Break the silos, Bridge the gap: How Switzerland should position Geneva in global tech governance

Switzerland should identify points where tech policy initiatives of global powers converge and intersect with the expertise areas of Geneva-based organisations. By convening regulators and experts, it should give a new relevance to the International Geneva as a knowledge centre informing tech laws’ enforcement, starting with the 2027 AI summit.

Diplomatie & internationale Akteure

Science & Tech

The Federal Council recently announced its intention to organise an international conference on AI in Geneva in 2027. This raises the question of Switzerland’s role in tackling global challenges caused by digital technologies.

Tech policy: Big power politics

In April, the Swiss executive postponed the announcement of draft rules applicable to online platforms, most likely for fear of antagonising the United States, while it negotiated a deal following Trump’s ‘liberation day’. In Brussels, people talk about tech sovereignty and about building data centres in Europe to achieve the Old World’s cloud independence from America. On both sides of the Atlantic, TikTok is banned from public officials’ mobile devices due to concerns over the app being used as a spying tool by the Chinese Government. One thing is clear : tech policy is a lot about ‘big power politics’.

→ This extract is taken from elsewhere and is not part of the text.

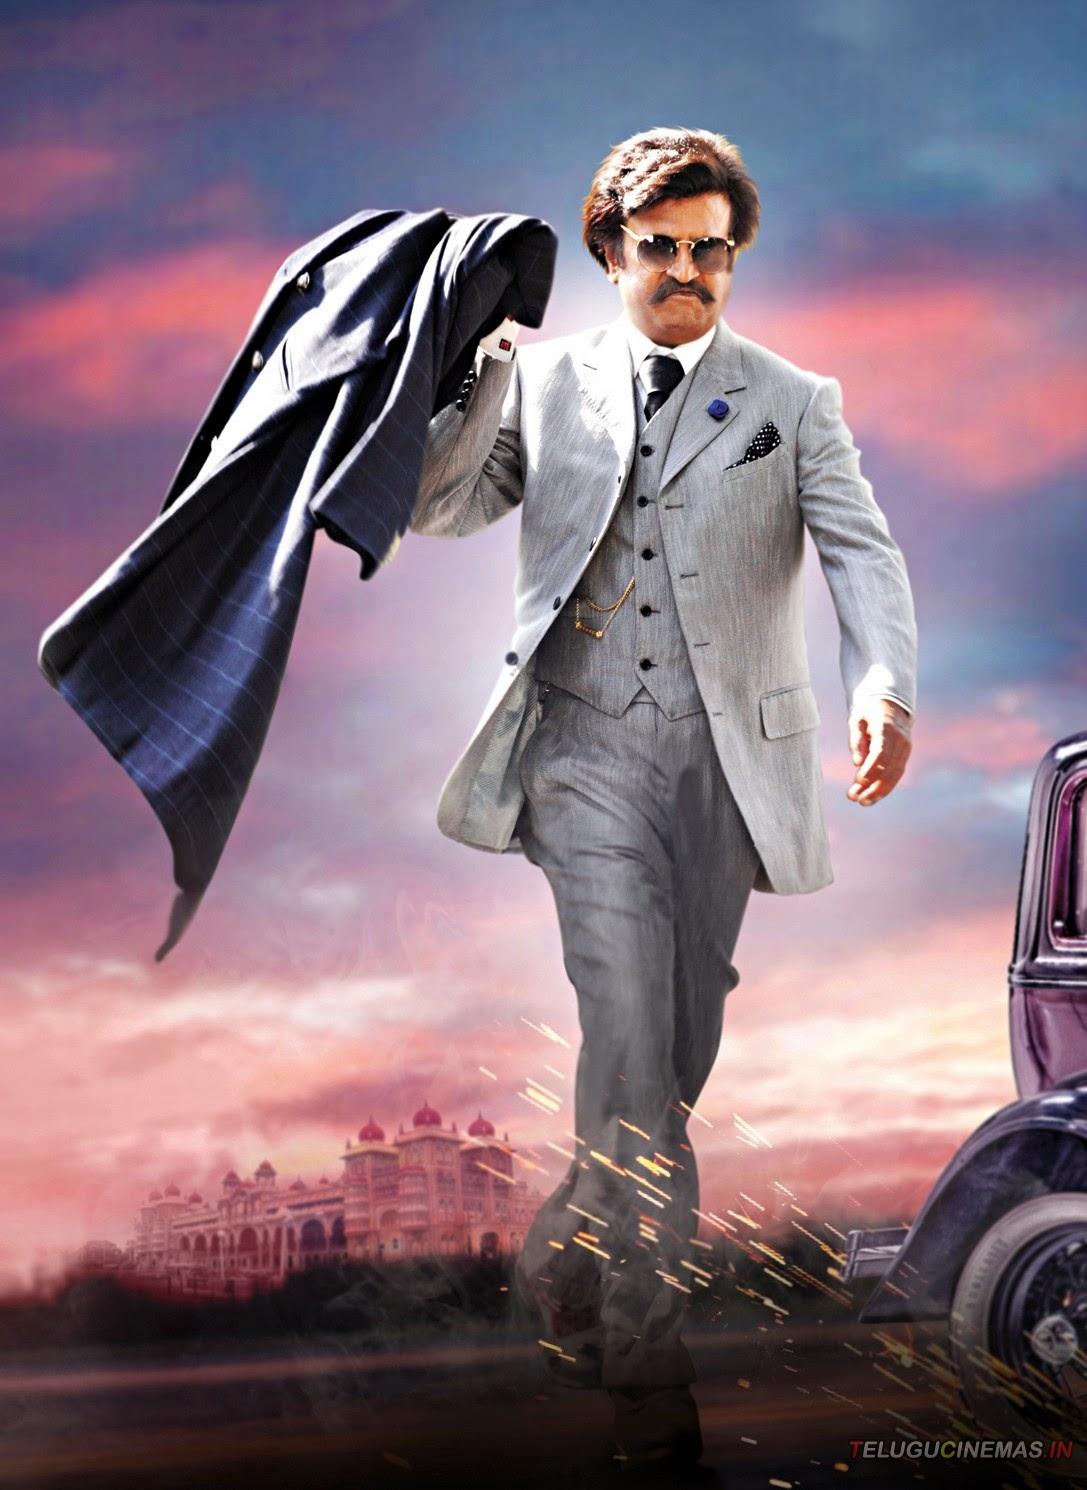 Lingaa Audio Release Date - TeluguCinemas in | Telugu Cinemas

The United States, the European Union and China have fundamentally different approaches to the governmental measures on the regulation of the digital economy. The US largely favours a market-driven approach. The EU’s approach focuses on the protection of citizens’ fundamental rights. China’s approach is said to be state-driven. In addition to these ideological differences in public entities’ approach to tech, discussions of a geopolitical nature in a more traditional sense are increasingly taking place. This is notably the case when data centers are coined as ‘critical infrastructure’ or the access to certain data is said to be of a defence interest.

Switzerland’s role : Positioning Geneva as a knowledge centre, informing tech laws’ enforcement

Switzerland should facilitate achieving a consensus among important players on issues, on which positions already converge to some extent. In doing so, it should focus on issues tackled by Geneva-based UN agencies and involve these organisations’ specialists in discussing best practices for the implementation of existing regulatory frameworks. This approach to tech diplomacy would help to break silos in which UN agencies work and help them contribute to actual policy implementation, thus stimulating the International Geneva’s relevance in an otherwise challenging context. For this approach to be successful, it is crucial for the personnel directly involved in tech laws’ enforcement to participate in Switzerland-facilitated meetings. It should not be only international relations specialists within various jurisdictions’ technology regulators who participate in such conferences. The outlined approach to tech diplomacy would correspond to Switzerland’s DNA of providing a neutral platform for international conversations and increase Geneva’s relevance for tech diplomacy and tackling digitalisation’s negative effects.

One timely topic, where such discussions could be fruitful, concerns the protection of minors online. Recently, the US Supreme Court declared a Texas bill aimed at verifying the identity of porn websites’ users to protect underaged individuals to be compliant with the second amendment of the US Constitution, which guarantees freedom of speech. A few weeks earlier, the European Commission opened formal investigations under the EU’s Digital Services Act to protect minors from pornographic content. While this might not have been the case for pornographic content itself, online platforms’ effects on the mental health of teenagers more broadly were discussed at least one side event of the World Health Assembly (WHA) in Geneva this year. However, current WHA attendees are mostly health specialists who, contrary to platform regulators, have little or no direct agency over online platforms. 

Switzerland must help ensure that no gap is created between Geneva-based organisations’ expert knowledge and the realities of tech law’s enforcement. It should focus on this during the summit on Artificial Intelligence it aims to organise in 2027. It should also encourage its international partners to send technology regulation enforcers to recurring relevant international conferences such as the World Health Assembly. And, well, Switzerland should itself adopt tech rules, especially applicable to online platforms.